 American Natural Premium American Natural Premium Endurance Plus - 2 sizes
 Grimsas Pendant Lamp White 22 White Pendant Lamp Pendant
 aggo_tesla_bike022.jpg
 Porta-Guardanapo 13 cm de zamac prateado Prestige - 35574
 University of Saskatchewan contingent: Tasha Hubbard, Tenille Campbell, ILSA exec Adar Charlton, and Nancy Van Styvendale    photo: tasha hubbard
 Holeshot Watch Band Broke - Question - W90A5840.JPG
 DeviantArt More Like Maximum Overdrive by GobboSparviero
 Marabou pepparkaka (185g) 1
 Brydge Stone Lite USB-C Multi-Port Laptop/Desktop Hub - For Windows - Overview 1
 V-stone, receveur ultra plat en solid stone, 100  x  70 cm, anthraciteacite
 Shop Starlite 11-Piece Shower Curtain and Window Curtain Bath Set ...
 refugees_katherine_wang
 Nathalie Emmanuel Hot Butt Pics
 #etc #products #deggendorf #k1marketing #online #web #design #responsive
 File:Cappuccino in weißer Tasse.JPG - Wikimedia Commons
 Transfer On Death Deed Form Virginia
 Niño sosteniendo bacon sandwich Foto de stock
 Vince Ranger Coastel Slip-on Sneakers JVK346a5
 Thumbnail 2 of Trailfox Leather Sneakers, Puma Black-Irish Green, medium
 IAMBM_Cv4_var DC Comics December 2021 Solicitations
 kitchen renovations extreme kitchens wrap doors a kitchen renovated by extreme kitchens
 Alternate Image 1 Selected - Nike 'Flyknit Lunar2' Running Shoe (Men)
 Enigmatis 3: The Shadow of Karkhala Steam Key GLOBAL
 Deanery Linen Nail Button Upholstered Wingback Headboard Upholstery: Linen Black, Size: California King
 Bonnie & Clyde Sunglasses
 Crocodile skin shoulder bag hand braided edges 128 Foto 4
++++++
**Requirement**
Your task for the entries above: copy exactly the span starting with the line with "V-stone, receveur ultra" and going on through the line with "Transfer On Death Deed Form Virginia", both lines included, and nothing else.

**Task result**
 V-stone, receveur ultra plat en solid stone, 100  x  70 cm, anthraciteacite
 Shop Starlite 11-Piece Shower Curtain and Window Curtain Bath Set ...
 refugees_katherine_wang
 Nathalie Emmanuel Hot Butt Pics
 #etc #products #deggendorf #k1marketing #online #web #design #responsive
 File:Cappuccino in weißer Tasse.JPG - Wikimedia Commons
 Transfer On Death Deed Form Virginia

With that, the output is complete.